Chociaż nie można zawsze ufać etykietom, jest kilka przydatnych zasad, które pomagają szybko ocenić jakość suplementu. Po pierwsze, należy sprawdzić, czy na etykiecie widnieją nazwy tanich składników. Zazwyczaj sugerują one, że reszta produk­tu nie jest dobrej jakości. Czy cena ma znaczenie? Tak, ponieważ czyste składniki w postaciach bardziej aktyw­nych biologicznie kosztują więcej. Na przykład węglan wapnia to składnik używany w wielu recepturach pre­paratów mineralnych, rzekomo aby dostarczać wapń. Owszem, do pewnego stopnia to robi, ale bardzo nie efektywnie. Takie związki jak cytrynian wapnia, fumaran wapnia czy jabłczan wapnia lepsze i dużo bar­dziej aktywne biologicznie. Jednak kosztują znacznie więcej. Konsument, który nie dysponuje odpowiednią wiedzą, zwykle wybierze preparat, raczej kierując się ceną, wyglądem lub zawartością wapnia niż składem chemicznym czy aktywnością biologiczną.

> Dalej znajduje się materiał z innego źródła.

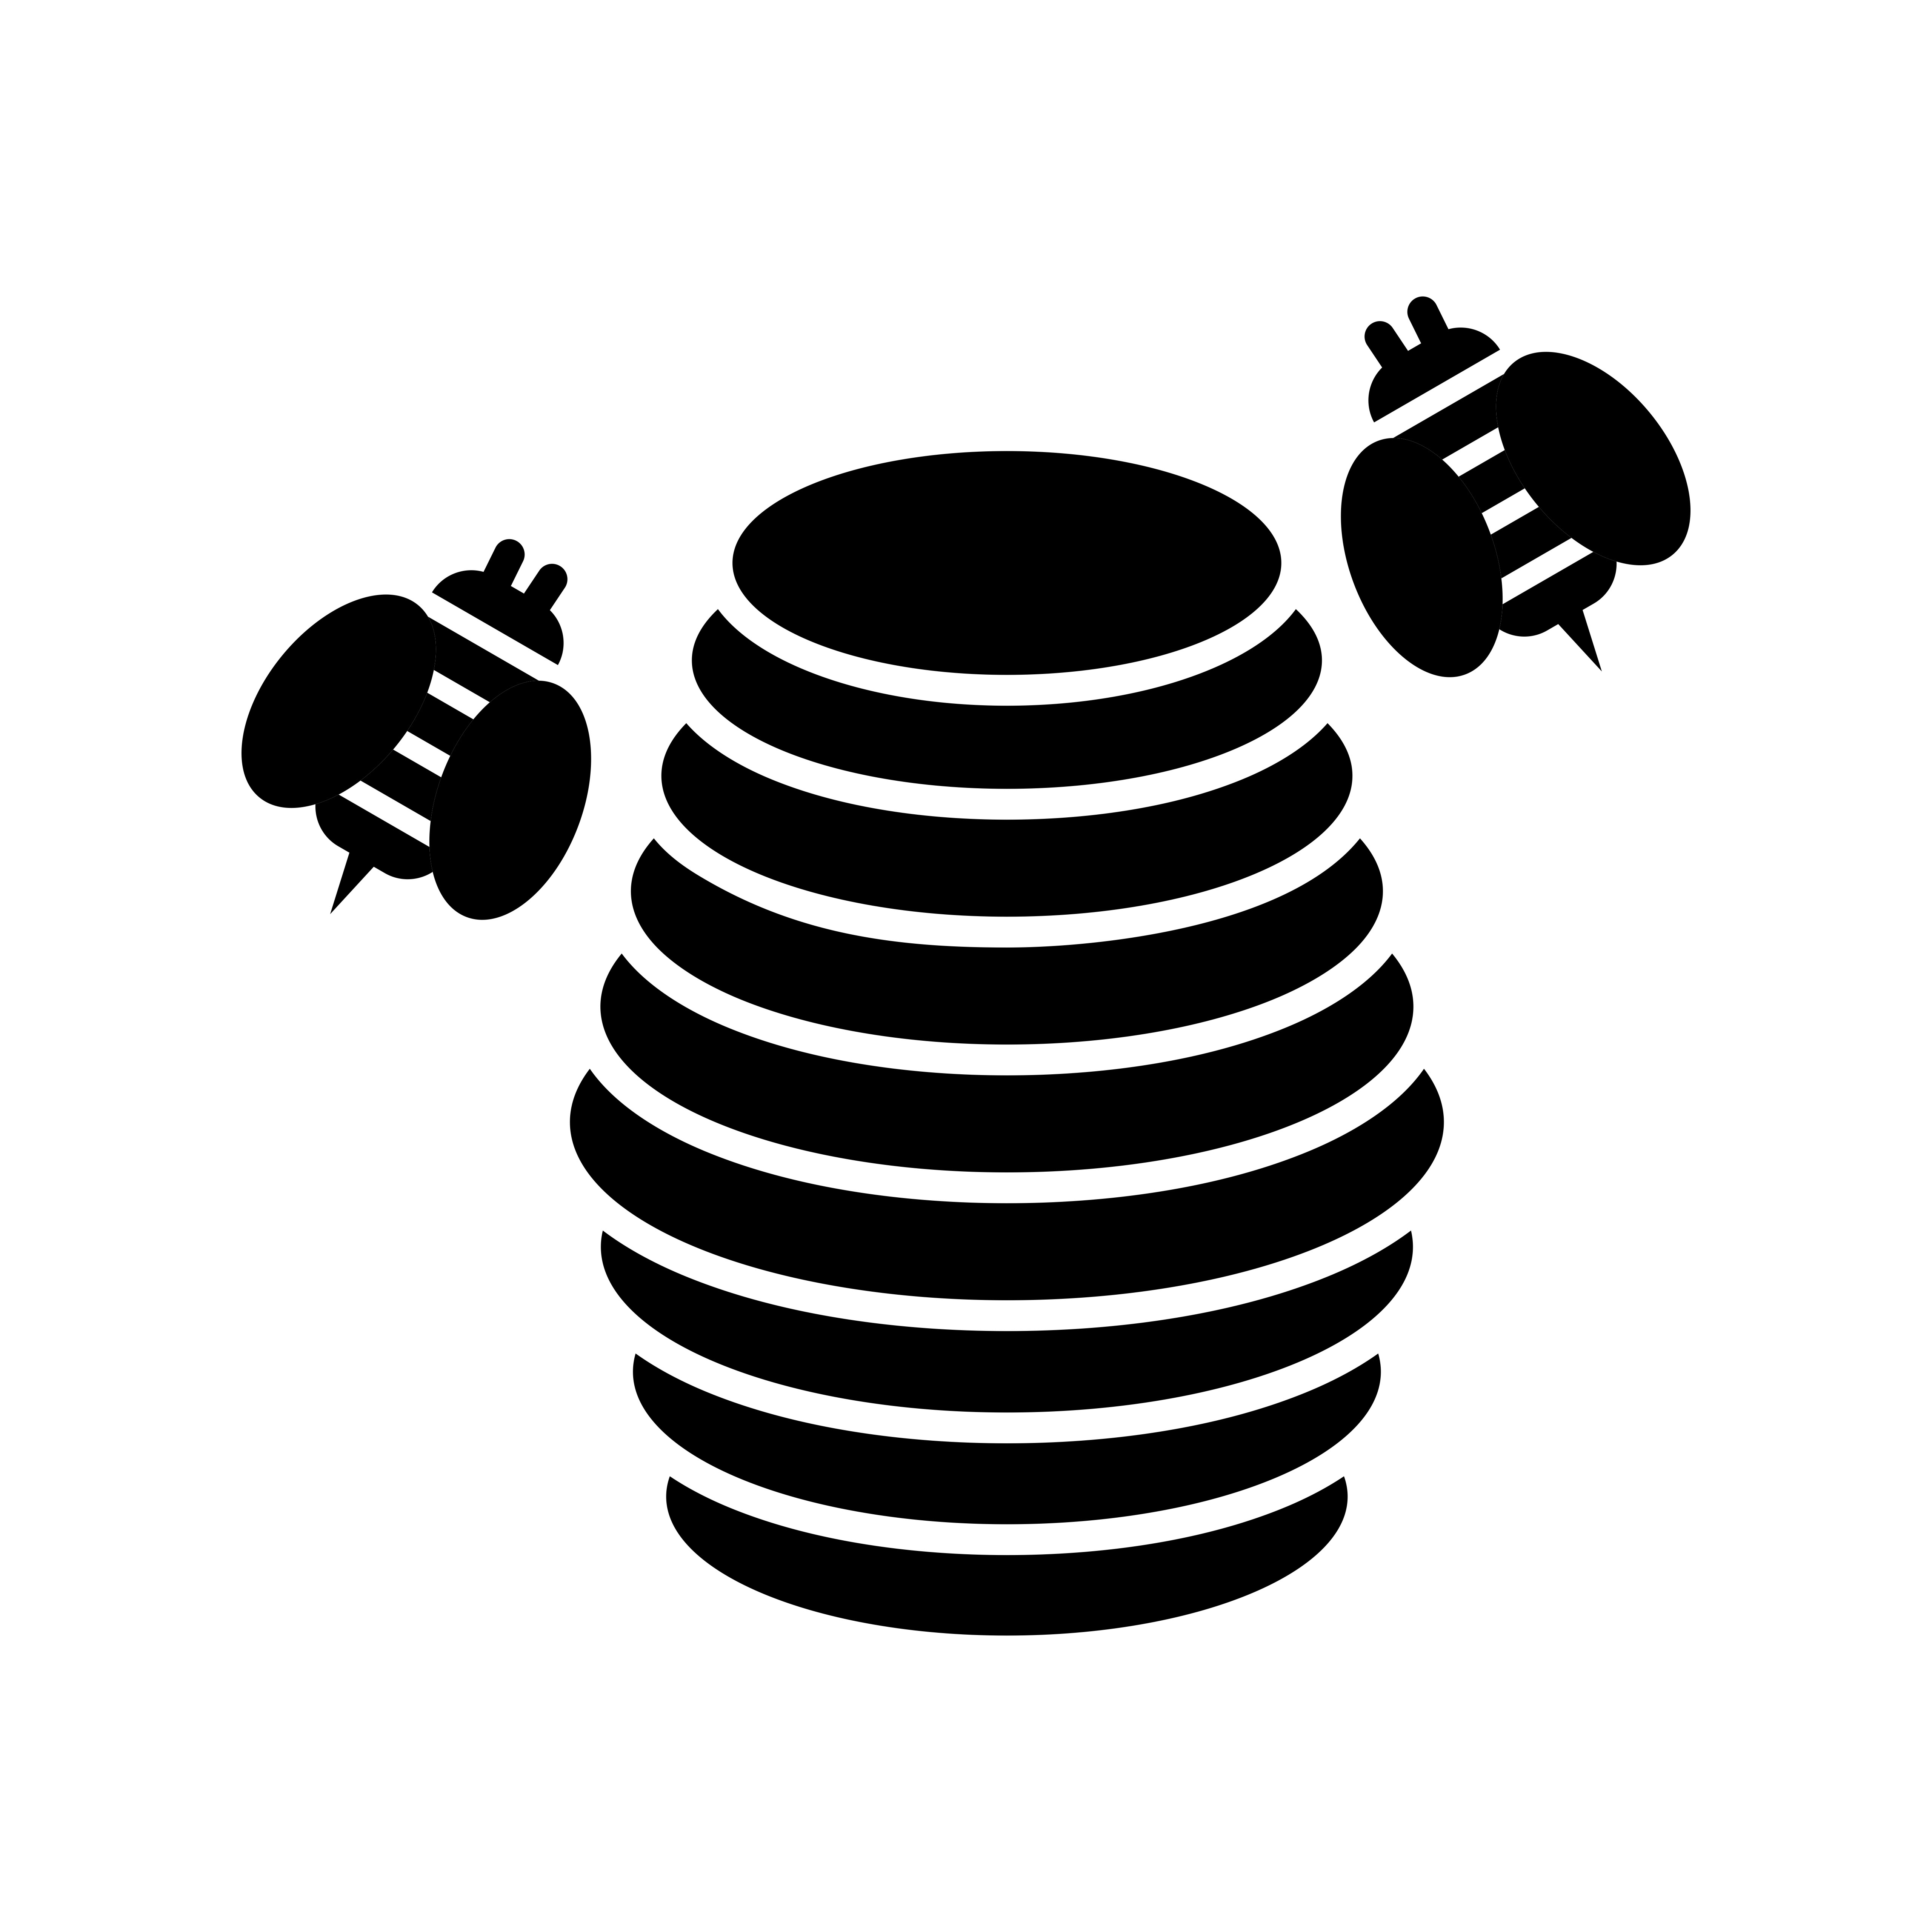 Hive Glyph Black Icon

Tymczasem bardziej należy zwracać uwagę na struk­turę chemiczną składników odżywczych. Wyższość pewnych postaci substancji chemicznych polega na ich lepszej biodostępności. Tych gorszych należy unikać.

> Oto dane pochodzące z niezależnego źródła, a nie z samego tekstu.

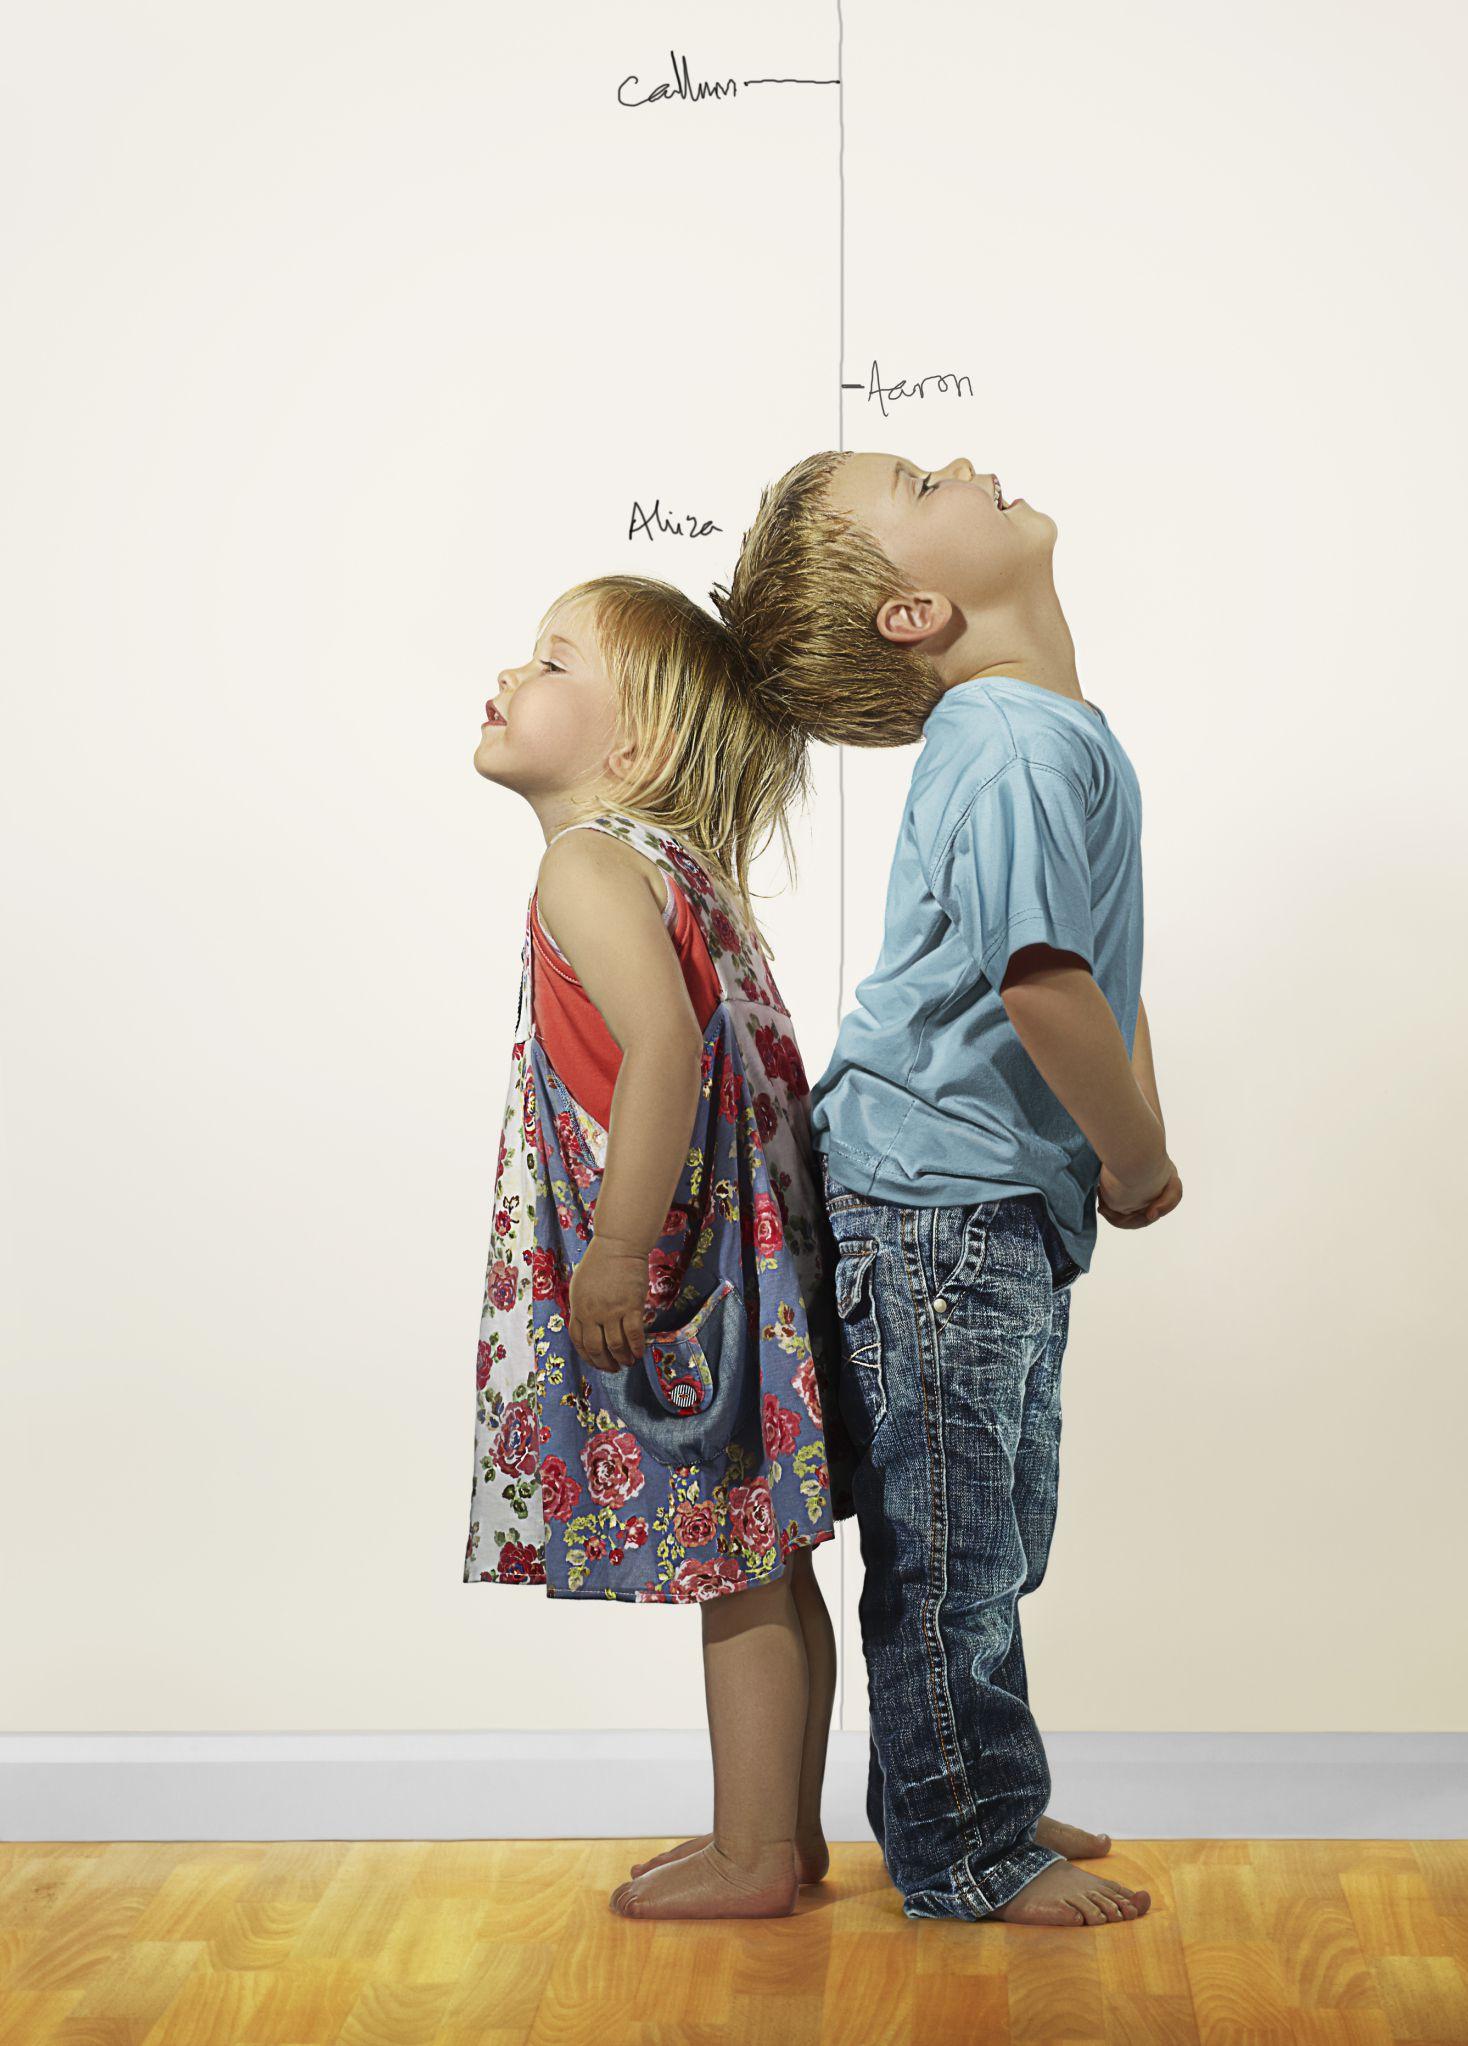 How Should We Teach Kids Units Of Measurement

Poniżej przedstawiam wskazówki, które pomagają wybierać wysokiej jakości suplementy mineralne.

Image

Następnie przyjrzyj się witaminom. Najłatwiej sprawdzić ich jakość na podstawie witamin z grupy B, szcze­gólnie B2 i B6. W bardzo dobrym preparacie obok wi­taminy B2 (ryboflawiny) występuje jej bardziej aktywna biologicznie (i droższa) postać – 5-fosforan ryboflawiny. Podobnie jest w przypadku witaminy B6 (chlorowodor­ku pirydoksyny) – wysokiej jakości suplement zawiera również jej droższą, bardziej aktywną biologicznie po­stać – 5-fosforan pirydoksalu.

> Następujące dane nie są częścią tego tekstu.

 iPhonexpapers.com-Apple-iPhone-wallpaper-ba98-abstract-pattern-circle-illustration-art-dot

Nie można w sposób niezawodny sprawdzić produktu witaminowego, jeśli nie wie się dokładnie, na ile czyste i świeże były składniki, w jaki sposób je transportowa­no, jak się z nimi obchodzono i jak je przechowywano. Jednak podane tutaj wskazówki ułatwią ci zakup sku­teczniejszego preparatu.